Maybe some first party console games(and even then only some series), but nothing for PC.

MentalEdge ,
@MentalEdge@sopuli.xyz avatar

I’d be very worried if a studio was pumping out several full-scale games a year. Did you mean publisher? I find following publishers to be pretty hit or miss, they usually deal with a multitude of game studios whose output will vary wildly. The days of EA making a bunch of EA games is over, now people care whether it’s Dice, Respawn or BioWare, and what the specific game is like.

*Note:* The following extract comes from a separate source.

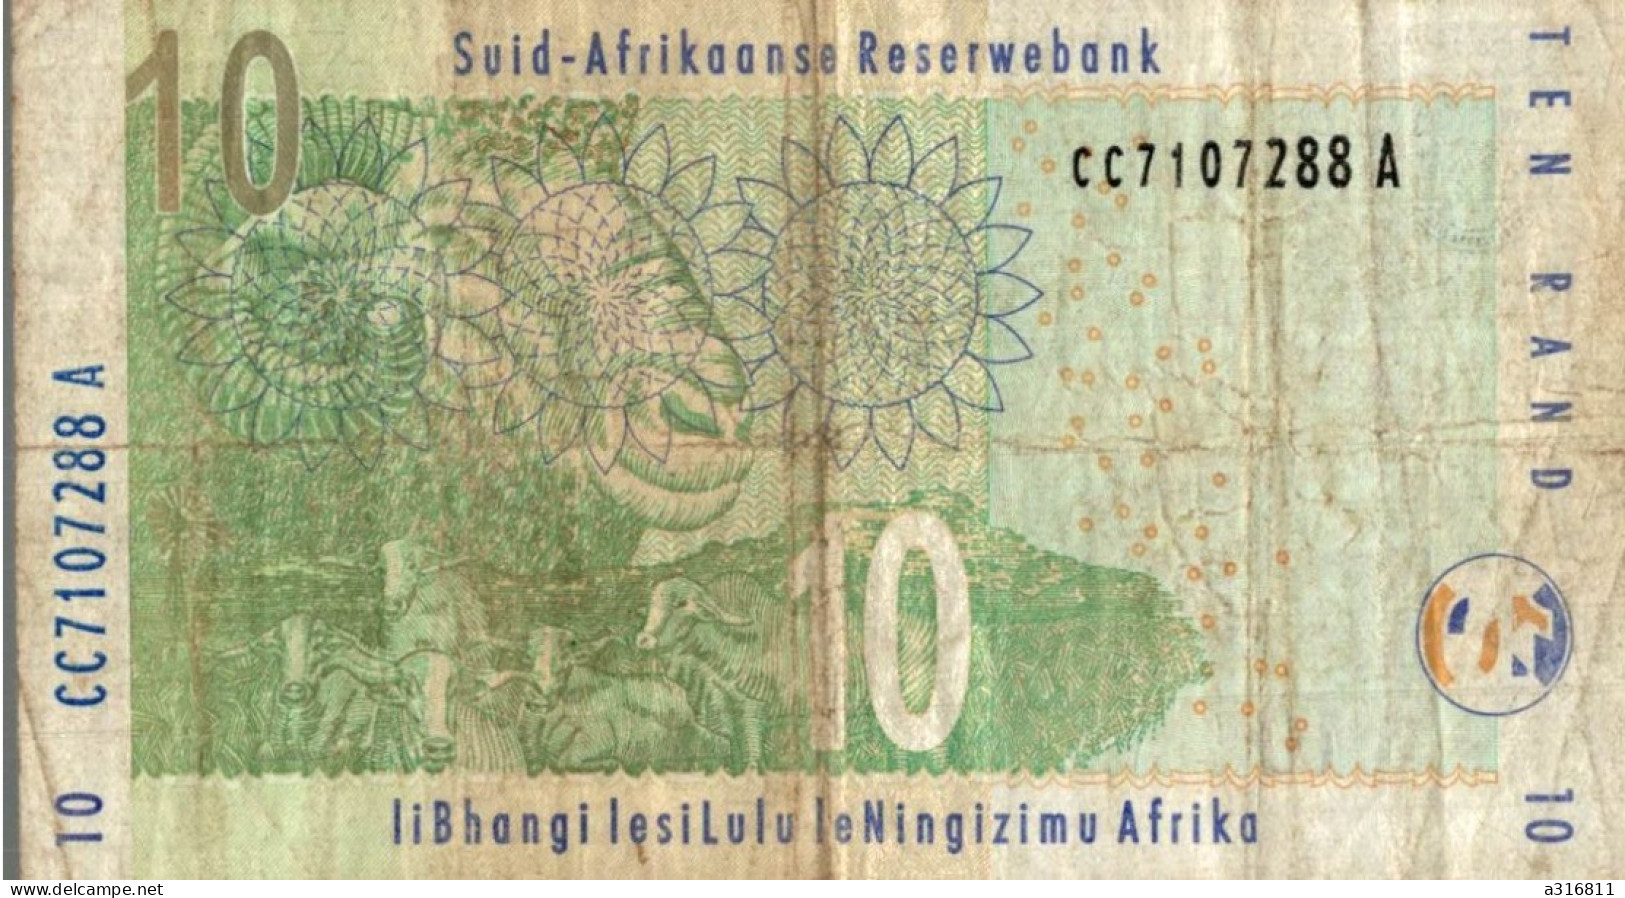 SOUTH AFRICA - SOUTH AFRICAN RESERVE BANK - Suráfrica

Studios still just making games do exist. Kojima Productions, Santa Monica, Guerilla, Remedy, Fromsoft, Square Enix, Larian, Id Tech, Insomniac, Sucker Punch, CDPR…

They’re just relatively fewer and farther between as so many studios have pivoted to spending years and years working on one live service title or another, and the rest of these you only really hear from once in several years, when a game comes out.

For publishers, Devolver and Paradox come to mind.

bouh ,

Sometimes I wonder if these people understand that no player ever wanted exclusivities on a game store. Instead of providing a decent service, they’re litteraly trying to kidnap customers with a choice between waiting for months for this big release or taking it on a subpar platform.